Defendants argue that the finding that the barge was unseaworthy was erroneous because: (a) An owner of a vessel is not an insurer but is only required to furnish a vessel reasonably fit for her intended service; (b) the court made no finding on the intended purpose of the locking devices; (c) the only finding which the evidence could support is that the locking devices were intended only to hold the hatch covers together so as to protect the cargo from weather during a normal voyage, which they did; and (d) the allegedly negligent actions of the stevedoring contractor in failing to properly position the hatch covers on barge M-30 and in subjecting the locking devices between covers 2 and 3 to forces put into play by the crane constituted an intervening cause not foreseeable by the shipowner and could not by themselves make the vessel unseaworthy. Defendants urge that there is no competent evidence to support a verdict based on the unseaworthiness of the vessel.

The doctrine of unseaworthiness imposes upon the shipowner the absolute obligation to provide a ship, equipment, and crew which are reasonably fit for their intended service.

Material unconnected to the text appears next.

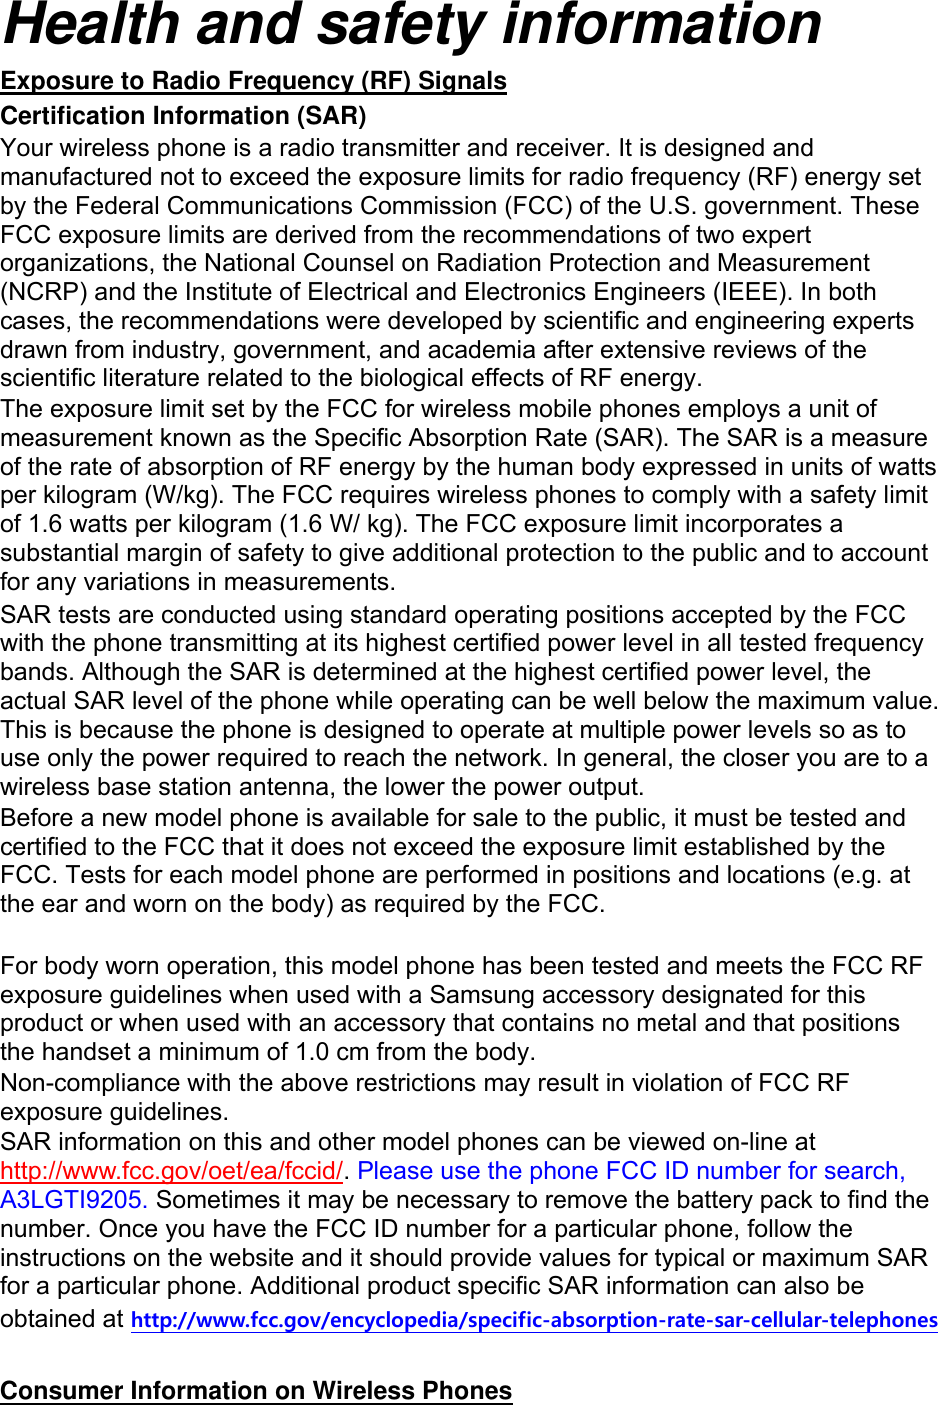 Health and safety information Exposure to Radio Frequency (RF) Signals Certification Information (SAR) Your wireless phone is a radio transmitter and receiver. It is designed and manufactured not to exceed the exposure limits for radio frequency (RF) energy set by the Federal Communications Commission (FCC) of the U.S. government. These FCC exposure limits are derived from the recommendations of two expert organizations, the National Counsel on Radiation Protection and Measurement (NCRP) and the Institute of Electrical and Electronics Engineers (IEEE). In both cases, the recommendations were developed by scientific and engineering experts drawn from industry, government, and academia after extensive reviews of the scientific literature related to the biological effects of RF energy. The exposure limit set by the FCC for wireless mobile phones employs a unit of measurement known as the Specific Absorption Rate (SAR). The SAR is a measure of the rate of absorption of RF energy by the human body expressed in units of watts per kilogram (W/kg). The FCC requires wireless phones to comply with a safety limit of 1.6 watts per kilogram (1.6 W/ kg). The FCC exposure limit incorporates a substantial margin of safety to give additional protection to the public and to account for any variations in measurements. SAR tests are conducted using standard operating positions accepted by the FCC with the phone transmitting at its highest certified power level in all tested frequency bands. Although the SAR is determined at the highest certified power level, the actual SAR level of the phone while operating can be well below the maximum value. This is because the phone is designed to operate at multiple power levels so as to use only the power required to reach the network. In general, the closer you are to a wireless base station antenna, the lower the power output. Before a new model phone is available for sale to the public, it must be tested and certified to the FCC that it does not exceed the exposure limit established by the FCC. Tests for each model phone are performed in positions and locations (e.g. at the ear and worn on the body) as required by the FCC.      For body worn operation, this model phone has been tested and meets the FCC RF exposure guidelines when used with a Samsung accessory designated for this product or when used with an accessory that contains no metal and that positions the handset a minimum of 1.0 cm from the body.   Non-compliance with the above restrictions may result in violation of FCC RF exposure guidelines. SAR information on this and other model phones can be viewed on-line at http://www.fcc.gov/oet/ea/fccid/. Please use the phone FCC ID number for search, A3LGTI9205. Sometimes it may be necessary to remove the battery pack to find the number. Once you have the FCC ID number for a particular phone, follow the instructions on the website and it should provide values for typical or maximum SAR for a particular phone. Additional product specific SAR information can also be obtained at http://www.fcc.gov/encyclopedia/specific-absorption-rate-sar-cellular-telephones  Consumer Information on Wireless Phones

Mitchell v. Trawler Racer, Inc. 362 U. S. 539, 80 S. Ct. 926, 4 L. ed. (2d) 941; Boudoin v. Lykes Brothers SS. Co. 348 U. S. 336, 75 S. Ct. 382, 99 L. ed. 354. Both parties agree that this is the applicable rule. The only disagreement is over the intended purpose of the locking devices. Plaintiff claims that the intended purpose of the devices was to hold the hatch covers together whenever this was necessary for loading, transporting, or unloading the cargo. Defendants argue, however, that their only intended purpose was to hold the hatch covers together so as to protect the cargo from the weather during the course of an ordinary voyage on the river.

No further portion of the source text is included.